# Winter Squirrel Hunting



## chuckwagon

Now that water fowl and deer hunting is over, I'm back to hunting squirrels. I'm having some trouble finding the little guys now that the wind and snow is kicking. I got one little red squirrel the other day, but he's the only one I saw all evening. I am hunting on an oak ridge and staying in my spots for about 20 - 25 minutes. Any tips for some winter squirrel hunting?


----------



## coyote_buster

what time of day was it, put a squirrell feeder up at your house and when there is squirrells eating it is time to go hunting


----------



## dfisher

Hi,
Squirrels are hard to get in the winter. Are you seeing a lot of tracks?

From my winter squirrel endeavors in Ohio, I found that the only come out for a short period in the winter and then it's back to the den tree. Generally they are an the ground too, as that is where all the mast is at this time.
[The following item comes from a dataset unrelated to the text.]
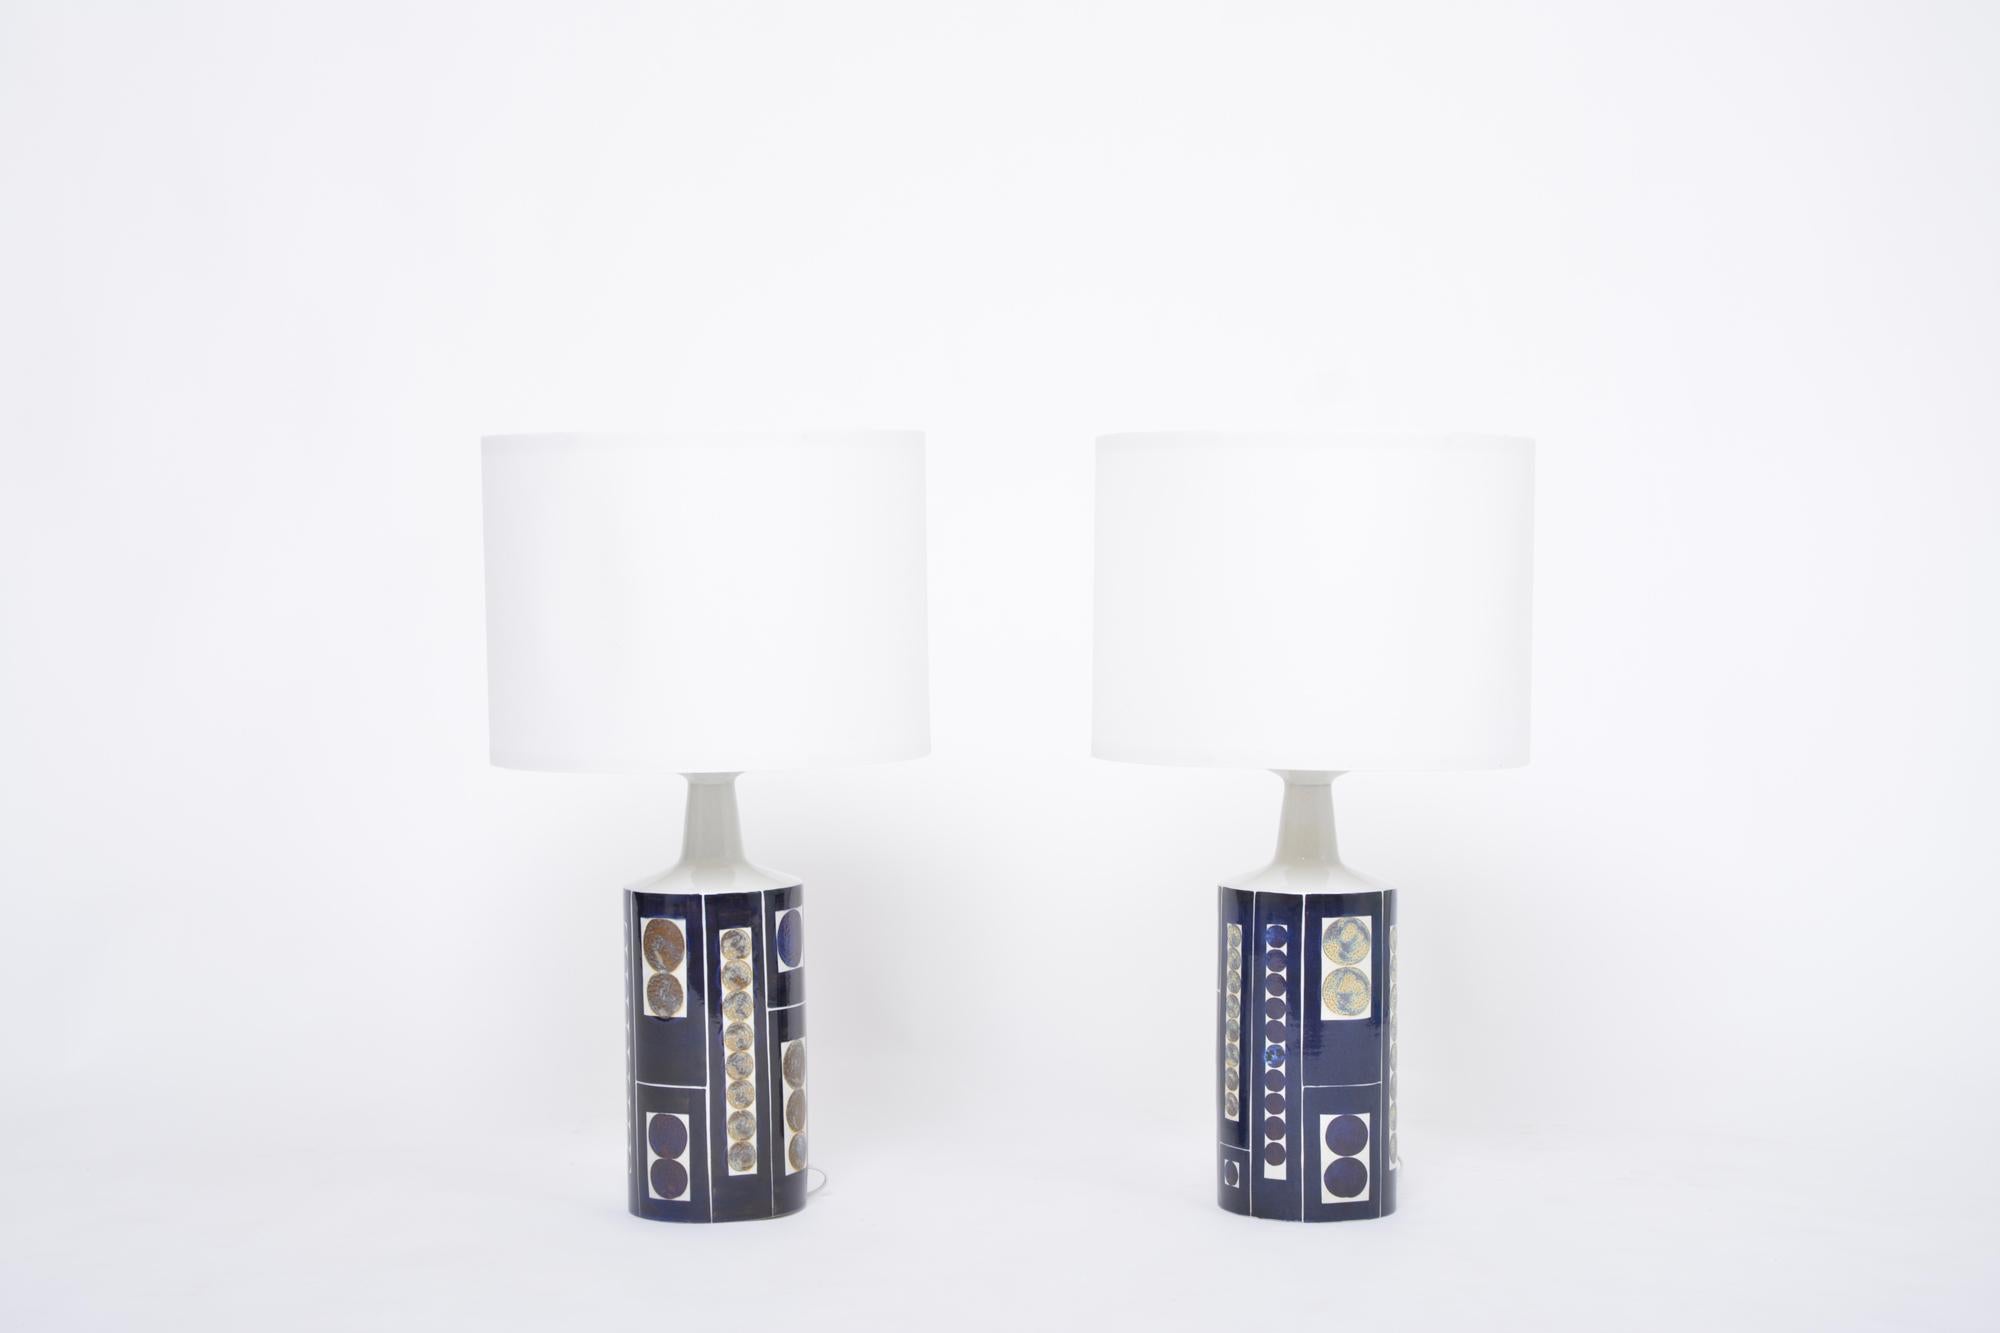 Pair of Royal 7 Midcentury Table Lamps by Ingelise Koefoed for Fog & Mørup
Tall and impressive table lamps with very decorative bold design by Danish artist Inge-Lise Koefoed. The lamp was produced in collaboration of Royal Copenhagen with the

I've found that, in Ohio, about mid morning is a good time to be in the winter woods. Seems like once the sun gets up and warms things up a bit, they venture out for some chow and play. Often this time of year you'll run into three or four of them chasing each other about on the ground or up and down trees.

Look for them from halfway up a tree to the ground. They don't seem to venture into the treetops much at this time. Generally when one comes out of his hole, 99% of the time he's going to the ground

Of course, front days are good too. Often before a front arrives with snow or rain, they'll be out too, filling up for the storm.

Hope this helps,
Dan


----------



## chuckwagon

I was out in the eveining (from about 3:30 until 5:20). I went out this morning around 8:30 and only got one around 10:30 (boy is he a fat one!!) but that was all I saw until 12:00 when I left. Should I be sitting and waiting 20 or 30 minutes like inthe fall, or is stalking a better choice?


----------



## dfisher

Hi,
During all the squirrel hunting I done in the winter, I found a stand (a few tree's close together or a big tree) and waited. I tried to get in an area of the woods where I knew there were a lot of squirrels and also a lot of sign (tracks, diggings for mast, ect...) 
I think that when the leaves are gone it's are to move in the woods without the squirrels and other animals...blue jays, crows, ect...giving your position away. I played the waiting game and often bagged three or four in a mornings hunt.
Yea, they get pretty fat at this time of year. We have an old fox squirrel that comes out here on the driveway and eats cracked corn and sun flower seeds, and he's for sure got his winter coat on. Looks like he's two foot long and six inches around. :lol:

Good luck and Happy Holidays,
Dan


----------



## mnhunt1989

I have been squirrel hunting for 5 years now and the best time to go in the winter is a warmer than average day...on those cold days they will only come out for a few minutes in the day. I choose to enter the woods and find a decent spot to sit. Once i see a squirrel i slowly stalk it until it is in the bag... from then on i try to spot other squirrels and stalk them or find a spot nearby to sit and wait for another...most times the shot will get the curious little buggers to come in close for a look


----------



## dfisher

mnhunt1989 said:


> I have been squirrel hunting for 5 years now and the best time to go in the winter is a warmer than average day...on those cold days they will only come out for a few minutes in the day. I choose to enter the woods and find a decent spot to sit. Once i see a squirrel i slowly stalk it until it is in the bag... from then on i try to spot other squirrels and stalk them or find a spot nearby to sit and wait for another...most times the shot will get the curious little buggers to come in close for a look


There you go. perfect answer.
Good luck,
Dan


----------



## bmxfire37

yea here in ohio they are tricky... when i was in ga i took a bunch of them.... here i cant seam to find them.... they are all over my yard...but i want those to stay


----------



## mnhunt1989

yeah i know here in northeast minnesota we have all these tiny little pine squirrels and they are good for nothing


----------



## dfisher

bmxfire37 said:


> yea here in ohio they are tricky... when i was in ga i took a bunch of them.... here i cant seam to find them.... they are all over my yard...but i want those to stay


What kind you hunting in Ohio. I grew up in West Central hunting fox squirrels in small woodlots. They are fairly easy to get in the winter if you get in the woods at the right time and hang around a bit.
Good hunting,
Dan


----------



## bmxfire37

well red fox or grey... all ive seen at spring valley ( ceasers creek regon ) is greys and 1 red... even late fall its been hard
ive tried sitting and ive tried walking.... i went out 8 times and got off 1 shot... dident even hit the little loony thing... i wish i had a good pellet gun...my shotgun....i dont know


----------